Unfortunately, overall mortality among the HSCT cohort who developed IFI was still high. For patients with Fusarium infections, the one-year mortality was highest (93%), 75% for patients with aspergillosis, 72% for patients with zygomycosis, and 66% for patients developing candidiasis.
Solid-organ transplant recipients were also generally at low risk of developing an IFI during the surveillance period post-transplantation, with an overall one-year incidence < 4%. However, receipt of some organ systems placed patients at increased risk; for example, 8.6% of lung and heart-lung recipients (from 11 institutions) developed IFI, compared with only 1.3% for kidney transplants (15 sites). There appeared to be site-to-site variation in incidences of infections similar to those seen in the HSCT patient study. Among the 1,208 infections detected in 1,063 patients, 53% were Candida, with C. albicans being most common (46% of all candidiasis), followed by C. glabrata (25%). Invasive aspergillosis accounted for 19% of the diagnoses, with cryptococcosis next most prevalent (8% of infections). Median time to development of IFI was longer for the solid-organ recipients than was observed for HSCT patients, with 103 days observed for invasive candidiasis, 184 days for development of invasive aspergillosis, and 312 days for zygomycosis, with the other endemic fungal infections, such as histoplasmosis and coccidioidomycosis, appearing at a median of 343 days. An extended period of 575 days marked the median time until development of cryptococcosis.

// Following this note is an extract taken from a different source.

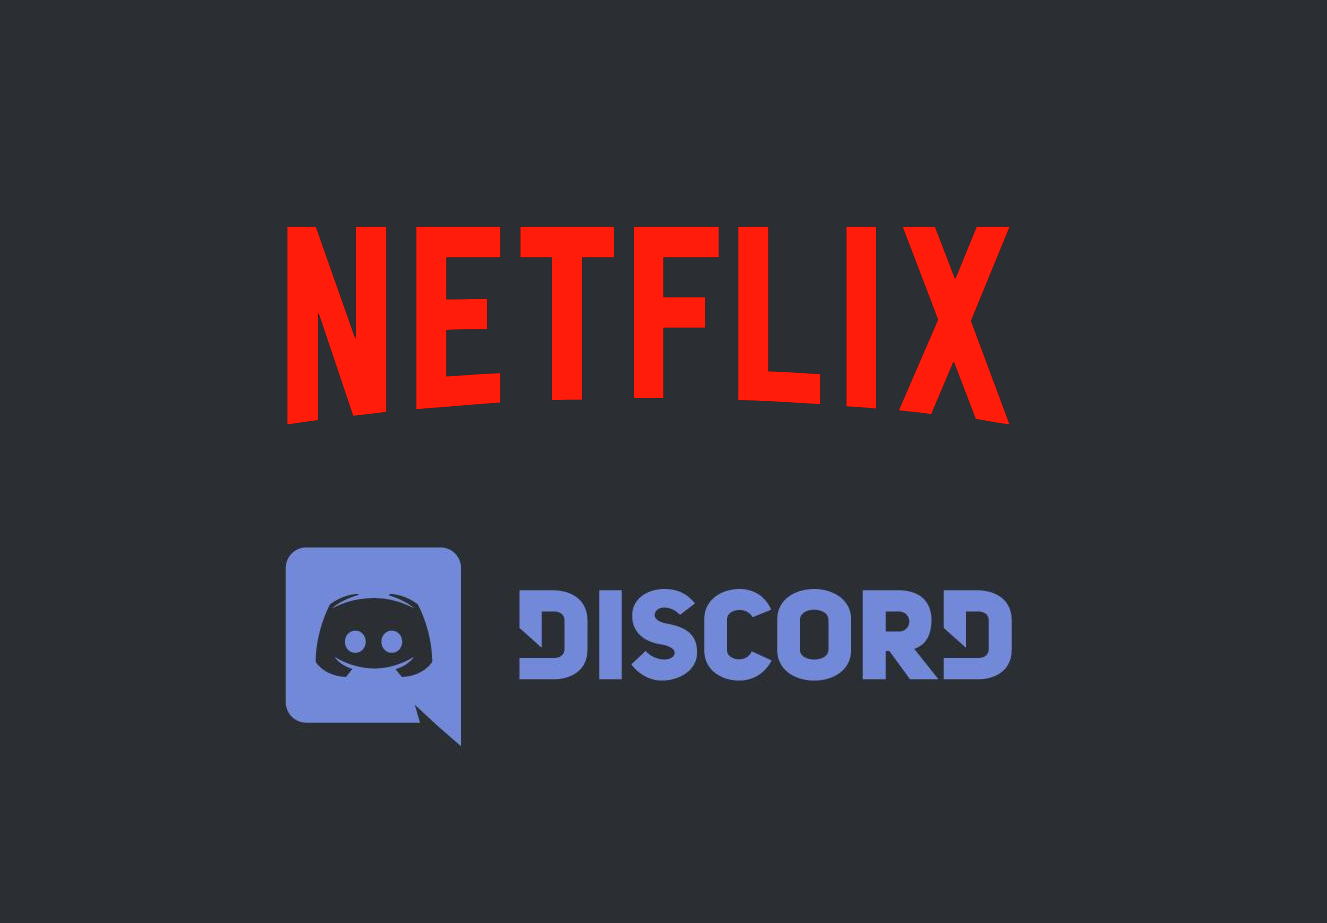 How to Stream Netflix on Discord with Friends to Watch TV Shows and Movies

A sad conclusion from this report is that once solid-organ transplant patients become infected, their prognosis is poor, although not as bad as that for HSCT patients. The one-year mortality after infection was 41% for patients with invasive aspergillosis, 39% for infections due to molds other than Aspergillus, 34% for invasive candidiasis, and 73% for cryptococcosis. Many of the observed infections occurred more than one year after transplantation, and 25% of IFI developed more than three years after the transplantation in this group. These results suggest that diagnostic studies, prevention strategies, and treatment interventions must take into consideration the long time frame required for monitoring these patients.